* TASK REQUIREMENTS
The full set of records must be printed exactly as given.

* INFORMATION
○ ○ ○ ○ ○

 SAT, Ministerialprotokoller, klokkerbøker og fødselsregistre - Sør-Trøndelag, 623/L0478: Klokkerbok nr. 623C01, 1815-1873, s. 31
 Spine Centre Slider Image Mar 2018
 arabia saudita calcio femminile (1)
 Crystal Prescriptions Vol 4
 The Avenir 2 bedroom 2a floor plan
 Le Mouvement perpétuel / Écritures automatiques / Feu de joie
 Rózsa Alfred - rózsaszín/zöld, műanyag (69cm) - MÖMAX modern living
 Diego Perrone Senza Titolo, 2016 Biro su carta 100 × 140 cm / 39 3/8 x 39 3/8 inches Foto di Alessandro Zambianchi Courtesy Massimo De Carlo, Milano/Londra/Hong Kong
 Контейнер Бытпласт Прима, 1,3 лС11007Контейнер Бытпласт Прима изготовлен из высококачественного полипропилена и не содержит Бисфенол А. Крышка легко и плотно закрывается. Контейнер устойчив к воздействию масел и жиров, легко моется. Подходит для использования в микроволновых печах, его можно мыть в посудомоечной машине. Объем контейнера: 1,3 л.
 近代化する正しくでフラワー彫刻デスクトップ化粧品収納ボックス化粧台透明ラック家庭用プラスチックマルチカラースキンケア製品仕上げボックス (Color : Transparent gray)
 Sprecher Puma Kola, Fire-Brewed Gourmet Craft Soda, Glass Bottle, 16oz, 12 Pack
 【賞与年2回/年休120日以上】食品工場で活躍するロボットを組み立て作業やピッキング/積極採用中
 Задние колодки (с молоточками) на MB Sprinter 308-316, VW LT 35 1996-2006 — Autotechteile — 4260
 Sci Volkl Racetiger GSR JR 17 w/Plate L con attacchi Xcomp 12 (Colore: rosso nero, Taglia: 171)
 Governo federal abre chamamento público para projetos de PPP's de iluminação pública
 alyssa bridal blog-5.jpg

○ ○ ○ ○ ○

* EXPECTED OUTPUT
 SAT, Ministerialprotokoller, klokkerbøker og fødselsregistre - Sør-Trøndelag, 623/L0478: Klokkerbok nr. 623C01, 1815-1873, s. 31
 Spine Centre Slider Image Mar 2018
 arabia saudita calcio femminile (1)
 Crystal Prescriptions Vol 4
 The Avenir 2 bedroom 2a floor plan
 Le Mouvement perpétuel / Écritures automatiques / Feu de joie
 Rózsa Alfred - rózsaszín/zöld, műanyag (69cm) - MÖMAX modern living
 Diego Perrone Senza Titolo, 2016 Biro su carta 100 × 140 cm / 39 3/8 x 39 3/8 inches Foto di Alessandro Zambianchi Courtesy Massimo De Carlo, Milano/Londra/Hong Kong
 Контейнер Бытпласт Прима, 1,3 лС11007Контейнер Бытпласт Прима изготовлен из высококачественного полипропилена и не содержит Бисфенол А. Крышка легко и плотно закрывается. Контейнер устойчив к воздействию масел и жиров, легко моется. Подходит для использования в микроволновых печах, его можно мыть в посудомоечной машине. Объем контейнера: 1,3 л.
 近代化する正しくでフラワー彫刻デスクトップ化粧品収納ボックス化粧台透明ラック家庭用プラスチックマルチカラースキンケア製品仕上げボックス (Color : Transparent gray)
 Sprecher Puma Kola, Fire-Brewed Gourmet Craft Soda, Glass Bottle, 16oz, 12 Pack
 【賞与年2回/年休120日以上】食品工場で活躍するロボットを組み立て作業やピッキング/積極採用中
 Задние колодки (с молоточками) на MB Sprinter 308-316, VW LT 35 1996-2006 — Autotechteile — 4260
 Sci Volkl Racetiger GSR JR 17 w/Plate L con attacchi Xcomp 12 (Colore: rosso nero, Taglia: 171)
 Governo federal abre chamamento público para projetos de PPP's de iluminação pública
 alyssa bridal blog-5.jpg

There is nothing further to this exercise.